Start using mach perftest VIEW for regression detection #162

mcomella · 2020-09-17T19:26:43Z

We've hit diminishing returns in our validation investigation #141 (comment) and we believe it's ready to be used.

Along with this effort, we should consider including this data into the existing FNPRMS dashboards.

mcomella · 2020-09-18T22:38:28Z

I think the per-commit data is too noisy to identify a specific commit that caused a regression. The following graphs are using pixel 2 data and I generated them using sparky's script with these changes (waiting to merge into master).

Here's FNPRMS over the past 30 days, 25 replicates per data point:

There is a distinct trend upwards.

Here's the perftest's per commit data over roughly the same period, 14 replicates per data point:

You can't really see any trends and the data seems to regularly vary between 1300ms to 1360ms (not good enough to catch small regressions we've been seeing, ~10-40ms). To be fair, it's unclear if the perftest methodology has been changing during that period. (note: the drop at the end might be from us disabling conditioned profiles)

Here's a recent week:

Here's a graph where, for a given date, we take the median per-commit run per day:

The graph seems less noisy but is missing the gradual trend we see on FNPRMS. This is concerning: when perftest runs are viewed in isolation, they seem pretty similar to perftest but when viewed in aggregate, the trends we see in FNPRMS are missing. What could be the cause?

for per-commit graphs, could the difference of 14 replicates per data point compared to 25 replicates make such a big difference in noise?

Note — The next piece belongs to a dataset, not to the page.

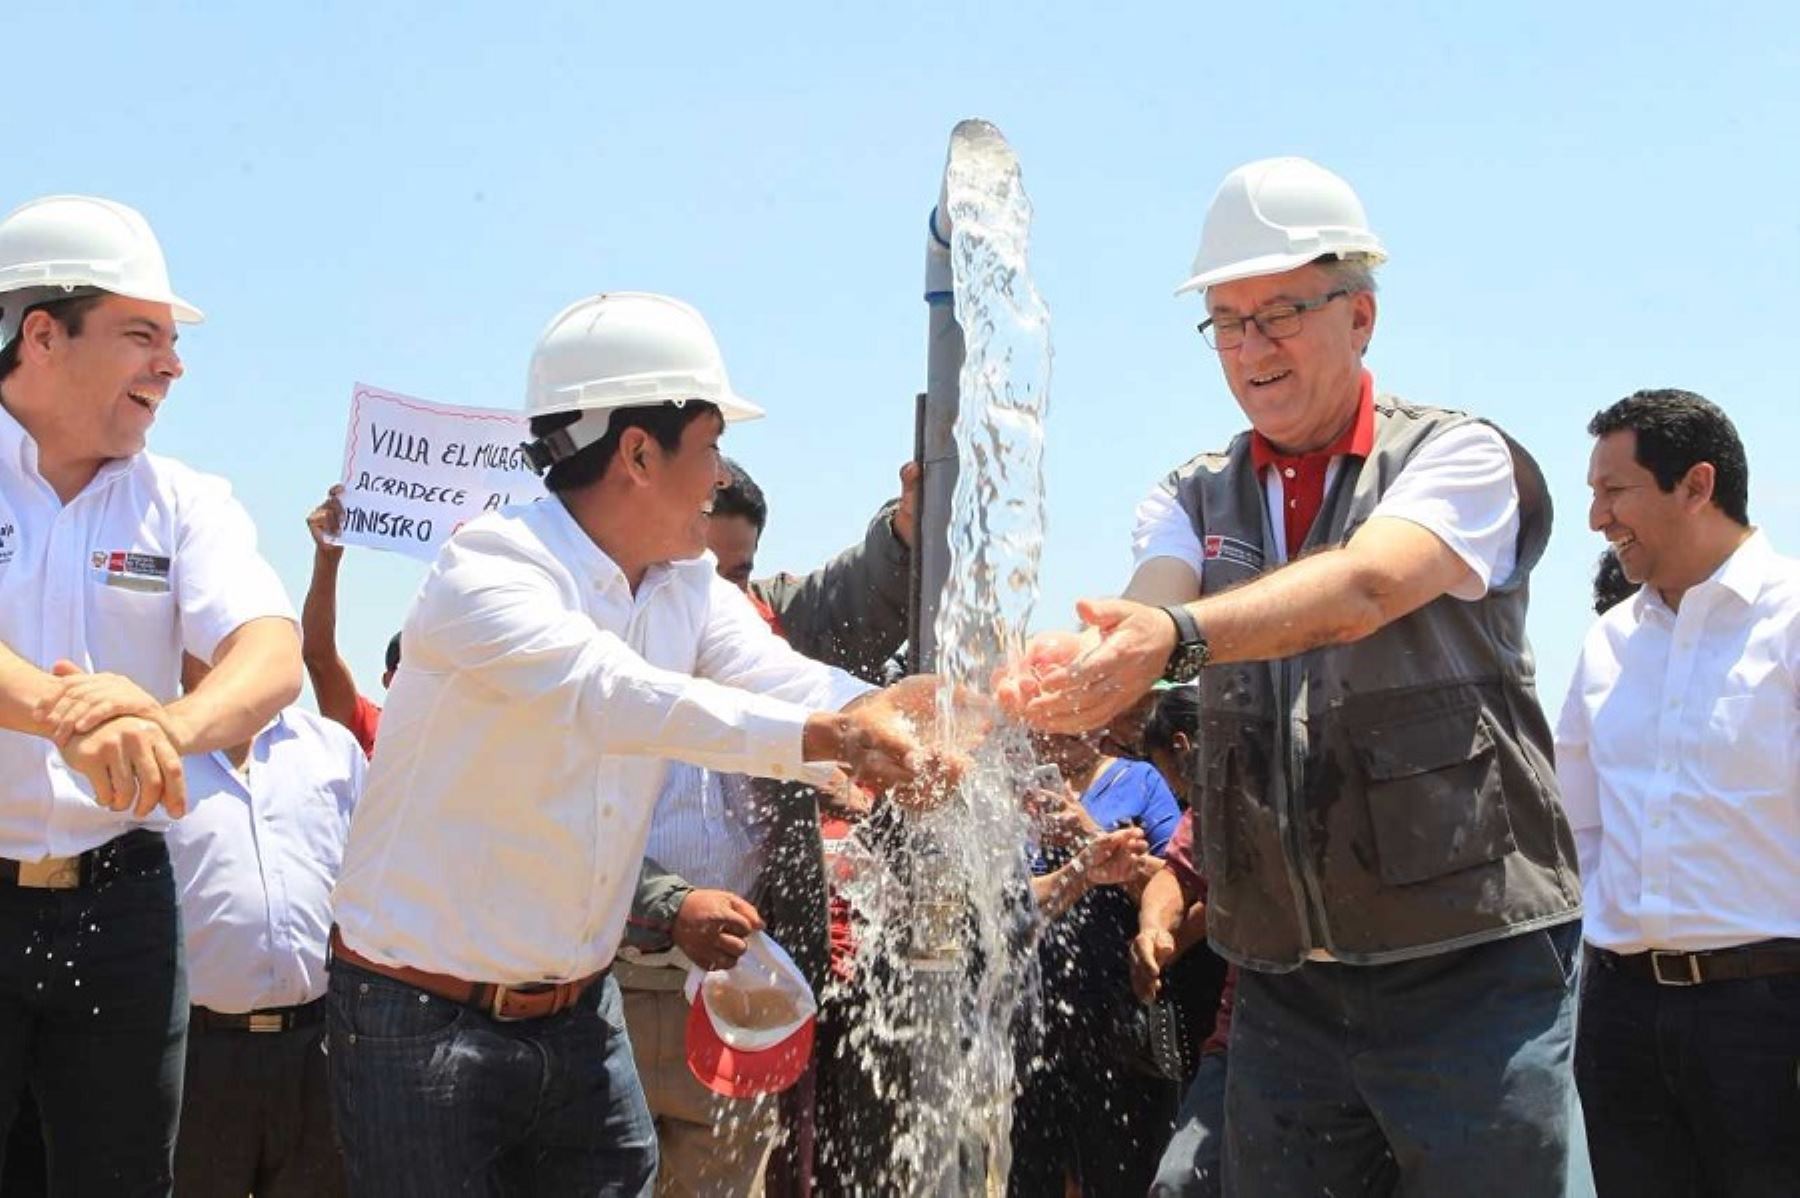 Más de 2.5 millones de soles invirtió el Ministerio de Trabajo y Promoción del Empleo (MTPE), a través de su programa Trabaja Perú para generar 1,688 empleos temporales en Lambayeque durante la actual gestión gubernamental.

From 20-60ms down to <= 10ms?
for the 1 median per day data, since there are not an equal number of commits to run on per day, some of the results may be outliers
perftest goes to navStart instead of a full page load but theoretically that should reduce noise

Possible next steps:

increase the replicate count to 25: this is probably the easiest way to make progress and compare
the amount of noise in aggregate might change by us disabling conditioned profiles (could be the answer or could complicate further analysis because it breaks historical data)
wait until this is sheriffable (waiting on surfacing per-commit data in treeherder + alerting?) and potentially have someone else figure out how to make this data more usable

@acreskeyMoz Do you have any ideas about what we should next? To be explicit, I'm trying to get perftest to a place where we can use it to detect regressions per commit. Theoretically, this script should let us do that but there seems to be too much noise.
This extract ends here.